We’re fighting the wrong battles..

July 3rd, 2020

So, I have started this post a few times and just tossed it into drafts when it turned into a rant against the conservatives – which, yes, I loathe the viewpoint of, but that’s not really the point I wanted to make in this article.

The point I wanted to make in this article is we’re fighting the wrong battles, as in, the trillions we spend on weapons should be spent on health care and getting better at being friends, getting along, and working together. That I feel like wanting to be polyamorous still involves being something of a beta tester argues for the viewpoint that we haven’t really mastered getting along – as does the high divorce rate and high stress level many relationships suffer from.

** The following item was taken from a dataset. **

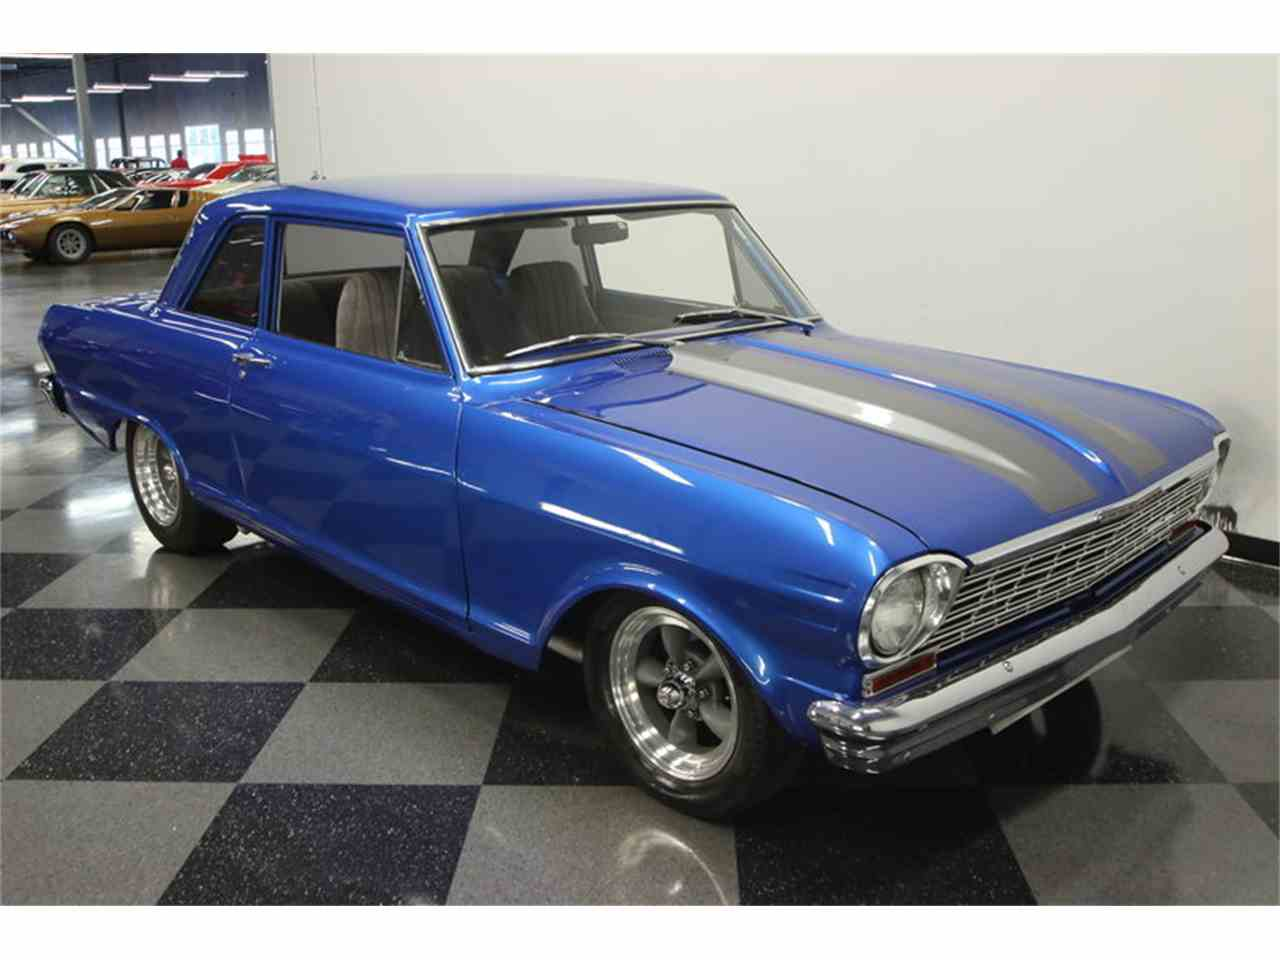 All Chevy 64 chevy ii : 1964 Chevrolet Chevy II Nova Restomod for Sale | ClassicCars.com ...

And then, of course, the pandemic makes the argument that we should be spending trillions on health care – as does the fact that people can’t decide to live longer than a hundred years because we don’t have the tech to support that.. and even within a hundred year lifespan, we have to experience massive amounts of suffering because our bodies were not designed, they were evolved, and they slowly malfunction while exposing us to all kinds of unreasonable levels of suffering.

There’s also the point I’ve made that we should be spending billions of dollars and hundreds of thousands of man-hours on studying neuroscience and the way neural networks behave because until we know what we’re measuring *with*, we won’t *ever* really know what we’re measuring.

Anyway, you would think we could reach a place where we would acknowledge that no one should be invading anyone any more, and the world as a whole should stop anyone who tries, and we should move forward with fighting our common enemies, the many problems that plague all of us. Of course I am mostly talking about health care here, but also automation and the like, because we shouldn’t have to be enslaved or afraid any more – we should be easily able to reach a place where food and housing is guaranteed for all.

The future

July 1st, 2020

I really wonder how this period of time will look to me in the future when I look back over my journal. I hope that the complete political and social dysfunction we are currently experiencing will resolve itself, and that the economic stupidity will actually be transcended – it’s possible that things could go extremely worse wrong – of course, in a lot of the worst case scenarios, my web server is not going to be there to look at.

But, even though things look grim at the moment, I have a lot of hope. For one thing, I think COVID is going to teach even the most conservative among us that it’s a good idea to listen to the smart people, and a bad idea to listen to the lying liars. I also think in the case of COVID, a bunch of the folks who believe the dumbest things are going to, well, die. Evolution in action. And my hope is that we will all collectively learn a thing or three from this and life will get better from here.

I also still have hopes that my personal life will get better, as I do sometimes manage to grow. At least a little bit. I think that my conflict-averse nature is going to have to get sorted out at least somewhat, and I also think I’m going to have to give even more time to what I really want to be doing and trust that the rest of this mess will work itself out because people who really want to be working on the social and political and economic aspects of the world will improve those aspects.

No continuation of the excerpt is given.